# Smoky Mountain Knife works



## Smitty901 (Nov 16, 2012)

Visited Smoky Mountain Knife works on Saturday. That place is huge if it is a Knife or anything like one they have it. From must have to downright crazy.
From low cost wall hangers to how much can you spend. Looked at their guns but prices were no different than at home. Looked at a lot of cool old knifes.
Purchased some wood carving tools I knew my daughter was looking for and mailed them to her.


----------



## James m (Mar 11, 2014)

They have been around a while, ordered from their catalog in the 90's. They have a demilled pineapple grenade on the website for $7.99


----------



## Slippy (Nov 14, 2013)

Candy store for knife folk

Smoky Mountain Knife Works - home of the World's largest knife showplace


----------



## sargedog (Nov 12, 2012)

I used to go once a month in the summer, but haven't been since the gun part went in. I live about an hour away and love to spend a few hours in there. I hope to be going soon to check out the guns and such. Did you also go to the new Bud's gun shop down there? Now I really am wanting to take a day trip now.


----------



## Smitty901 (Nov 16, 2012)

sargedog said:


> I used to go once a month in the summer, but haven't been since the gun part went in. I live about an hour away and love to spend a few hours in there. I hope to be going soon to check out the guns and such. Did you also go to the new Bud's gun shop down there? Now I really am wanting to take a day trip now.
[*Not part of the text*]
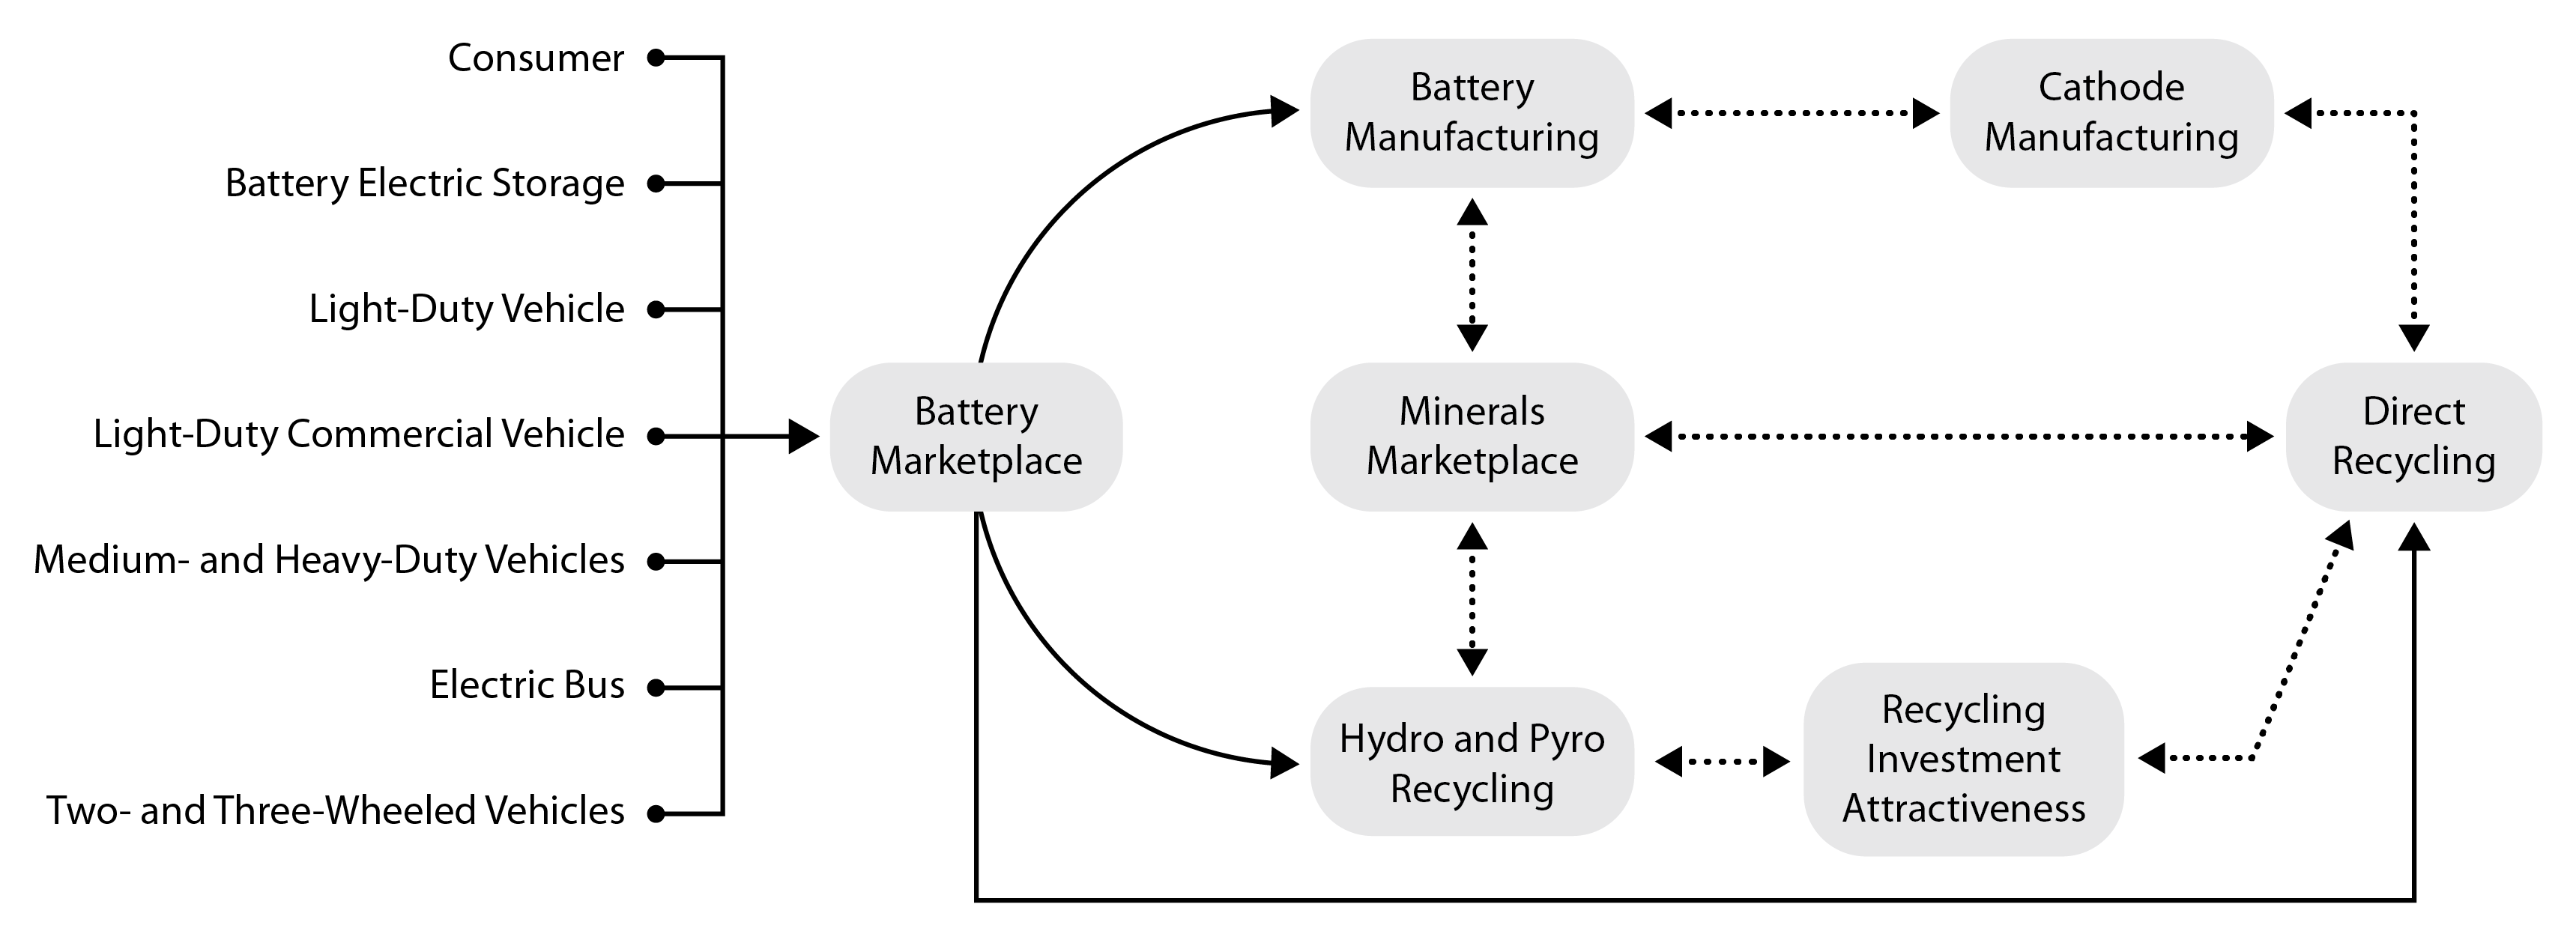 Graphic shows how interconnecting data informs the LIBRA model, including: consumer, battery electric storage, light-duty vehicle, commercial vehicle, medium- and heavy-duty vehicles, electric bus, two- and three-wheeled vehicles, battery marketplace, hydro and pyro recycling, minerals marketplace, battery manufacturing, cathode manufacturing, direct recycling, recycling investment attractiveness.

 Did not hit Buds. Down to ride the Mountains and Saw The knife works and stopped in.


----------



## AquaHull (Jun 10, 2012)

I get a catalog every couple months


----------



## survival (Sep 26, 2011)

I visit SMKW at least 2x per year.


----------



## duncan1371 (Apr 27, 2015)

Right in my back yard. I get lost in there.


----------



## Smitty901 (Nov 16, 2012)

duncan1371 said:


> Right in my back yard. I get lost in there.


 I could see that happening ,lost my wife in there for a while.


----------



## duncan1371 (Apr 27, 2015)

Mine ends up having to page me. She goes to that ircheap place next to buds.


----------